[ISEA2018] Paper: Annet Dekker — (Re)coding the past for the future

Abstract

Keywords: Cultural heritage, (de)colonialism, 3D scanning and printing, media art, digitization,
archaeology, oil

In light of increasing social unrest and wars around the globe, a growing number of not-for-profit organizations and commercial businesses are trying to fill the gaps that befall cultural heritage sites due to bomb strikes and looting. 3D scanning and printing are among the main vehicles to restore cultural heritage by generating detailed copies of an artifact, building or even site. In terms of accessibility and preservation there are undeniable benefits, but in what ways do these technologies affect cultural heritage politics? While commercial businesses profit from selling copyrighted files, or by providing restricted access, several artists’ initiatives try to  counter these practices. Even though they use similar technology, their aim is to empower people by giving them control over their lost heritage. These ‘decolonial’ practices signify a
desire to overcome or resist a colonial conditioning, favoring collaboration and freely sharing over individual and/or monetary gains. In the process, such examples challenge the  conventional meaning of value, which is dictated by the market and based on copyrights around authorship and ownership. Instead what is valued and becomes valuable is belonging to a wider community in which control over (re)use is embedded in the network.

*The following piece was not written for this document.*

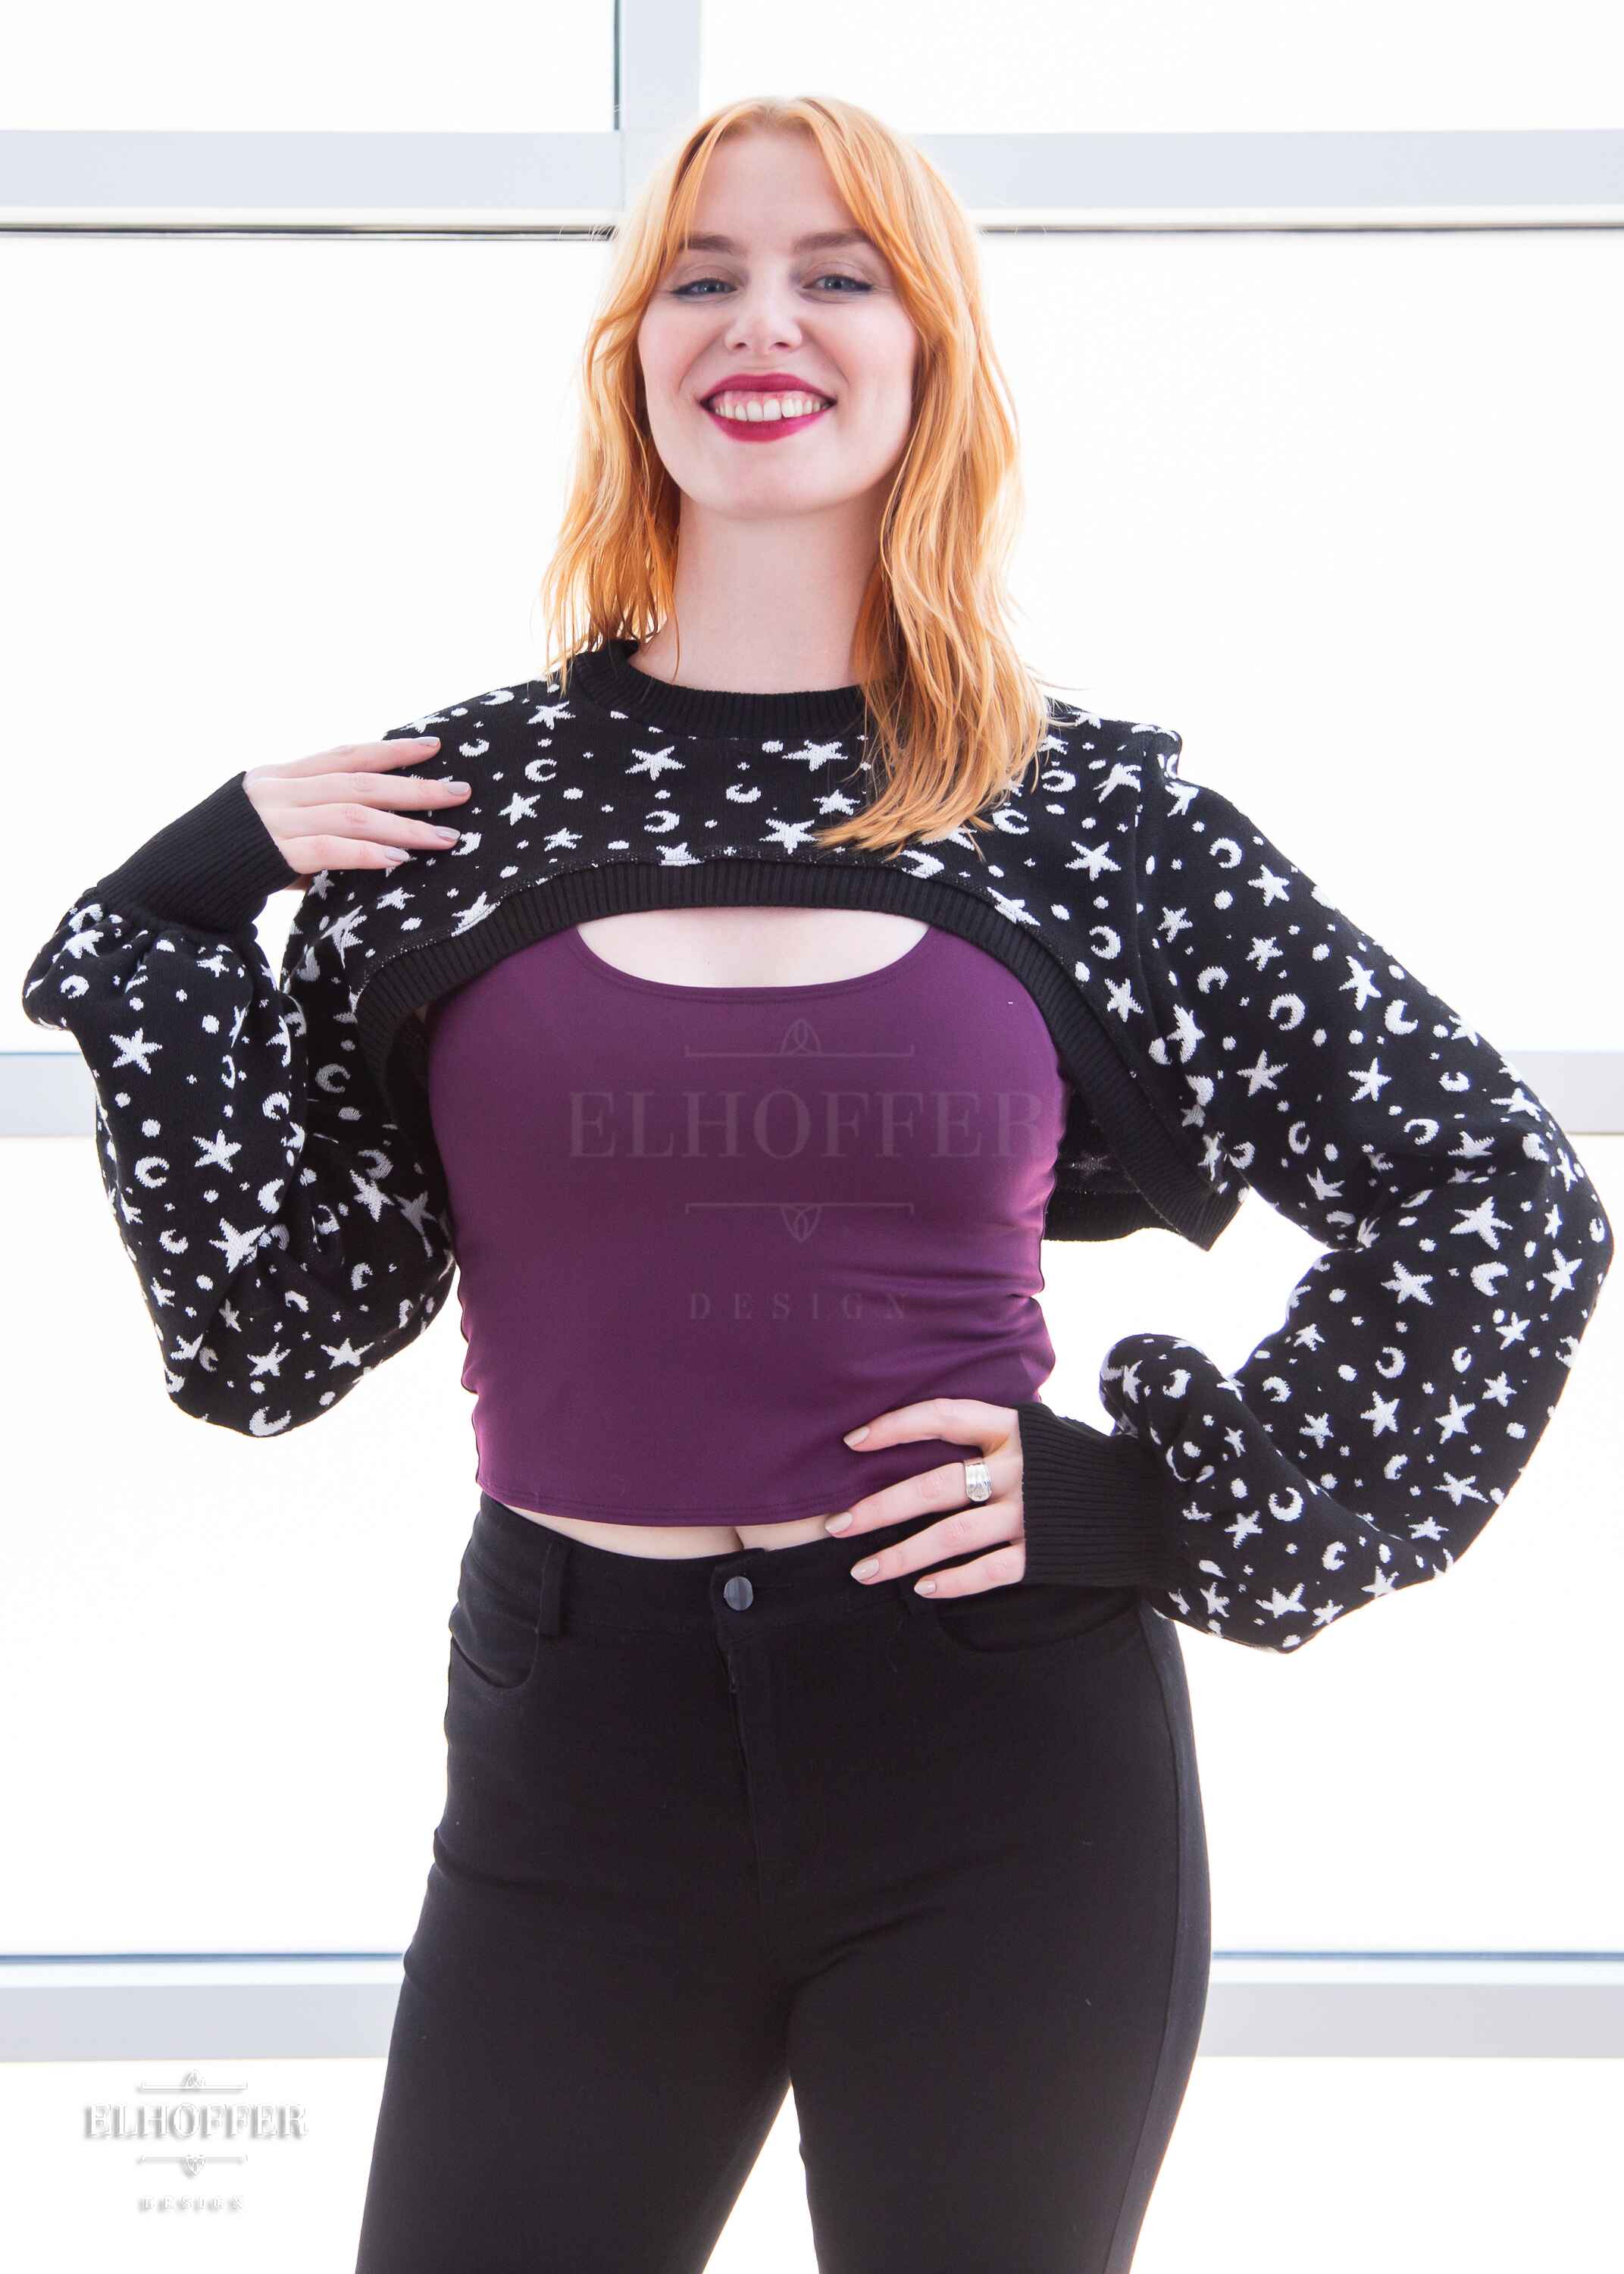 Harley, a fair skinned S model with shoulder length strawberry blond hair, is smiling while wearing the L sample of a black crew neck super cropped knit shrug sweater with a white star and moon pattern, long billowing sleeves and thumbholes. She would order the S for a slightly less oversize look.

  • Annet Dekker is Assistant Professor Media Studies: Archival and Information Studies at the University of Amsterdam and Visiting Professor and co-director of the Centre for the Study of the Networked Image at London South Bank University. She has been deeply embedded in research in the fields of digital archiving, conservation, curation and digital art. Her  research focuses on the influence of technology, science and popular culture on art and vice versa. More recently her attention shifted to the conservation and archiving of digital art and networked cultures. Recent publications are Collecting and Conserving Net Art (Routledge 2018) and Lost and Living (in) Archives (Valiz 2017).